Below this sentence is a listing; return exactly its lines from the one with "Complete two piece" to the one with "The blades are beautifully embellished with", both kept, and nothing more.

Study material Block Start

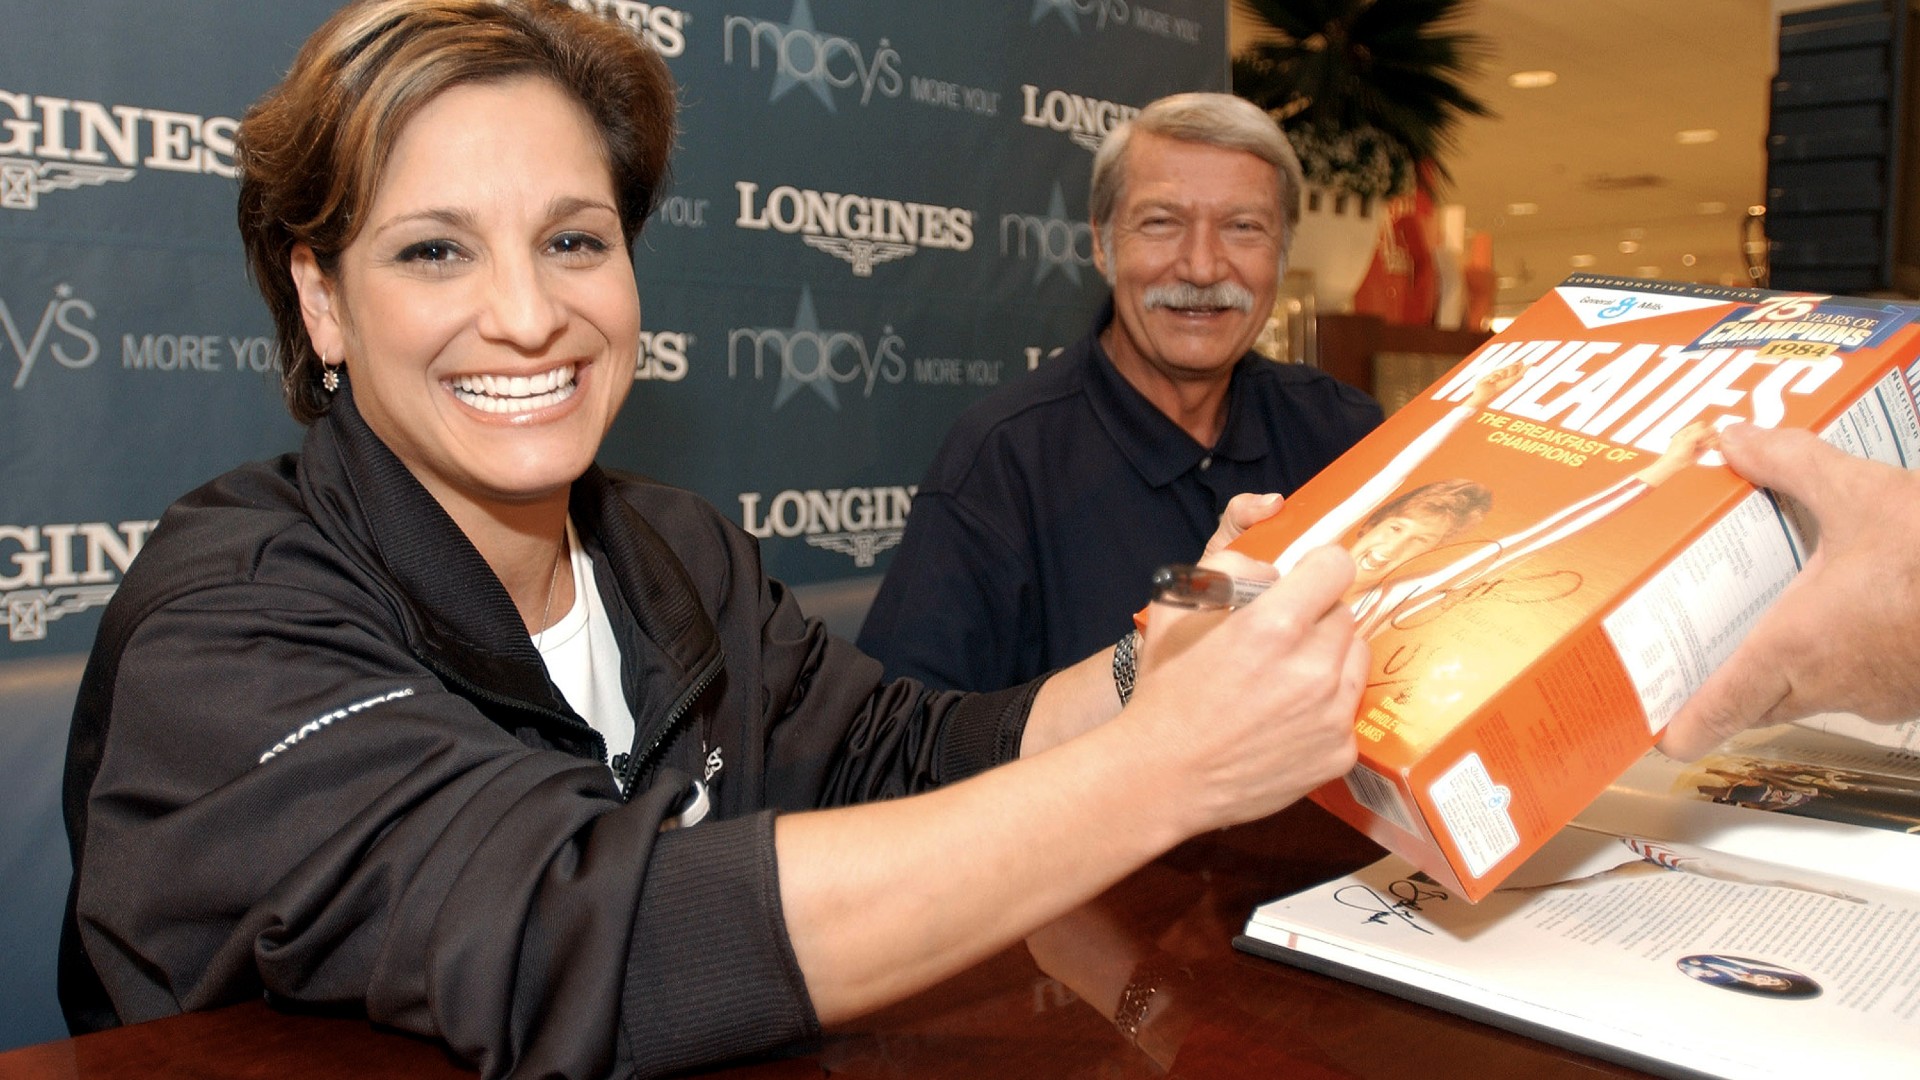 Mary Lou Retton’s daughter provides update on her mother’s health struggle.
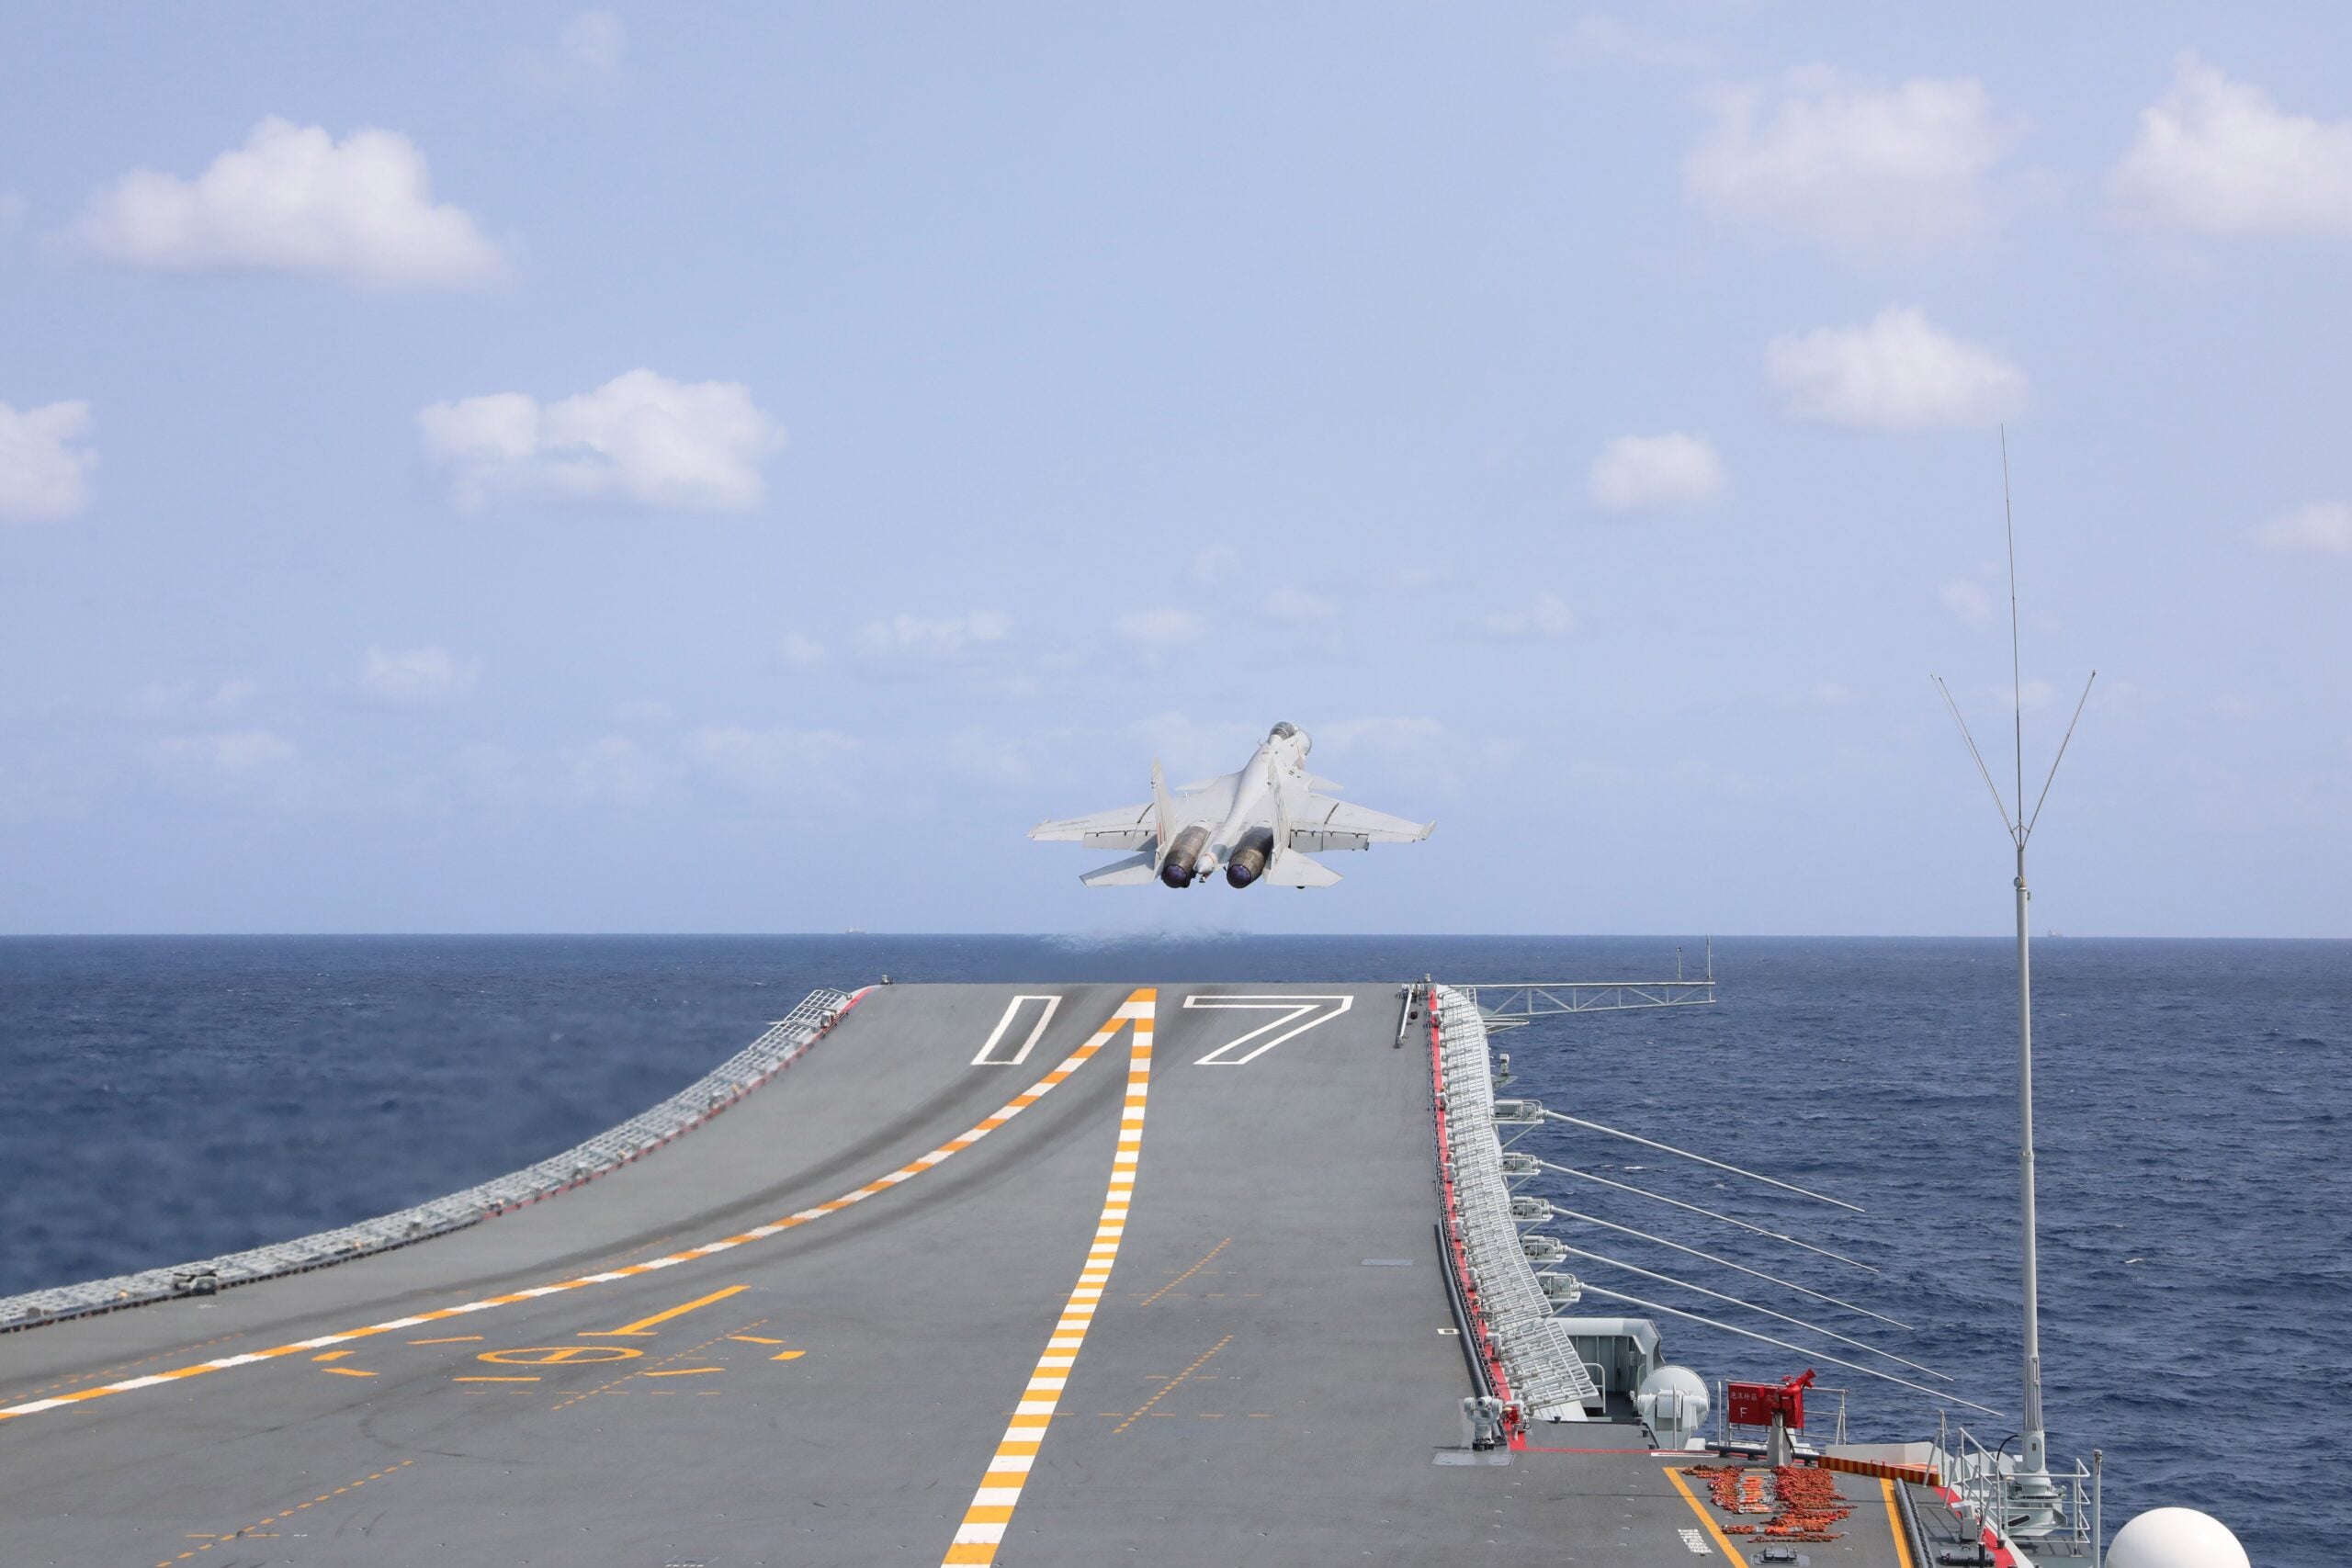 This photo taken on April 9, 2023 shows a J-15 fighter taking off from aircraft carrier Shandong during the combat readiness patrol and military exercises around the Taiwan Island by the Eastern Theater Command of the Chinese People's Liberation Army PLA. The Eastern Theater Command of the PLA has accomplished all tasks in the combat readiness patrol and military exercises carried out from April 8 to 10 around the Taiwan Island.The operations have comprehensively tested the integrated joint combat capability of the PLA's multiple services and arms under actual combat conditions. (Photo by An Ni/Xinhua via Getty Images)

Study material Block End
Study material Block Start

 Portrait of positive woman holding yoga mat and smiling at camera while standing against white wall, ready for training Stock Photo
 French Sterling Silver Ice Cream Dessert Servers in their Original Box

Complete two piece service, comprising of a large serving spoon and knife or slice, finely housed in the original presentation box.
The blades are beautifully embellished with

Study material Block End
Study material Block Start

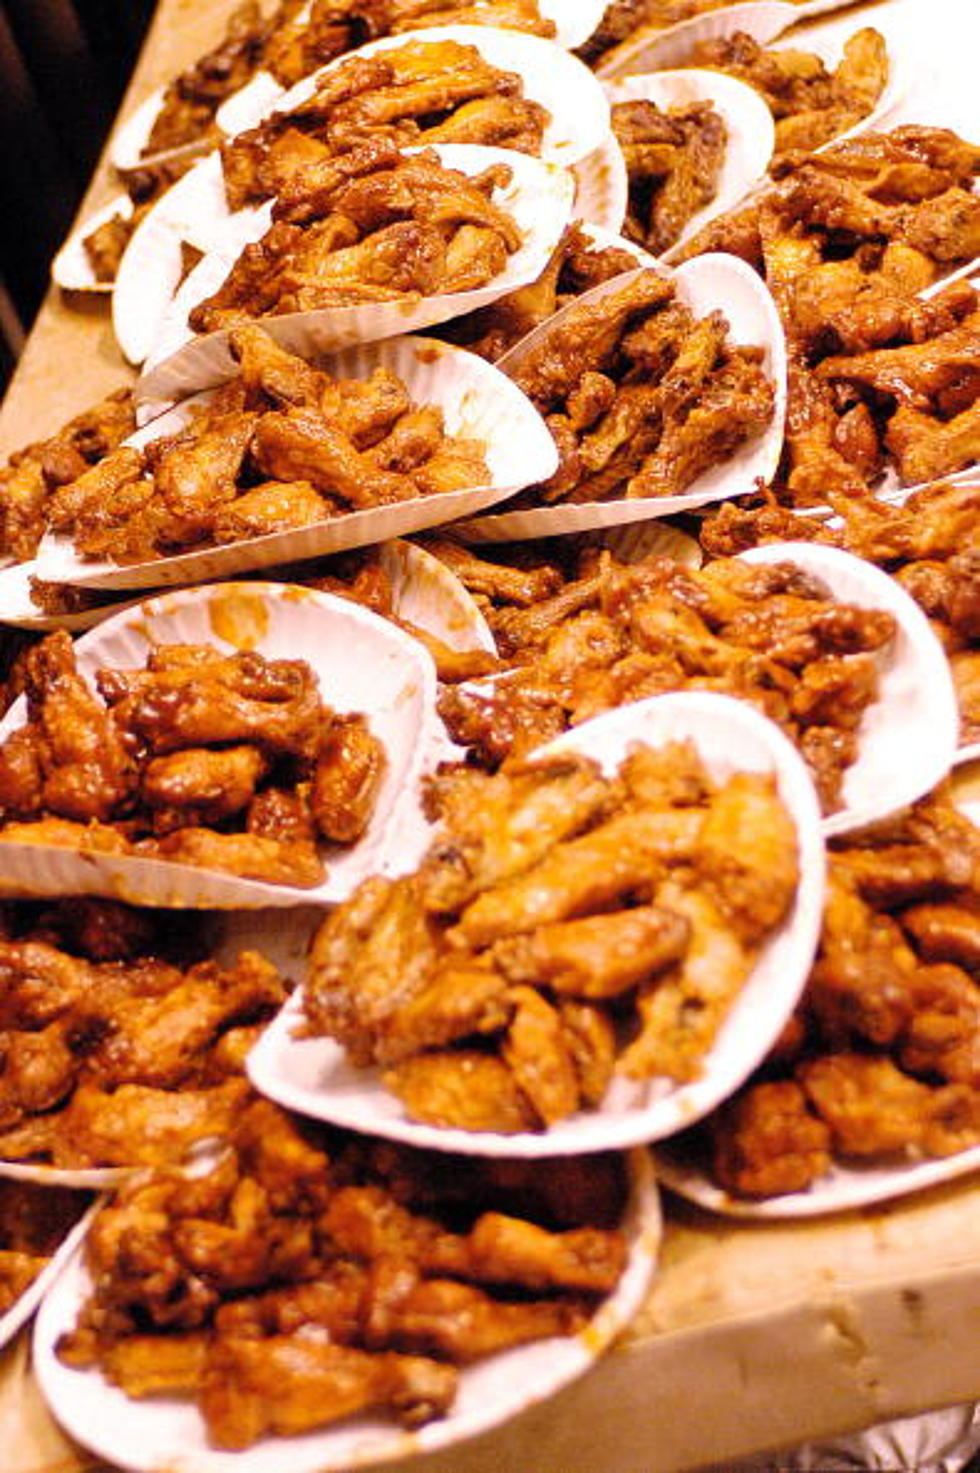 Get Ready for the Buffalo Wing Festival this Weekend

Study material Block End

* [Reply]:
Complete two piece service, comprising of a large serving spoon and knife or slice, finely housed in the original presentation box.
The blades are beautifully embellished with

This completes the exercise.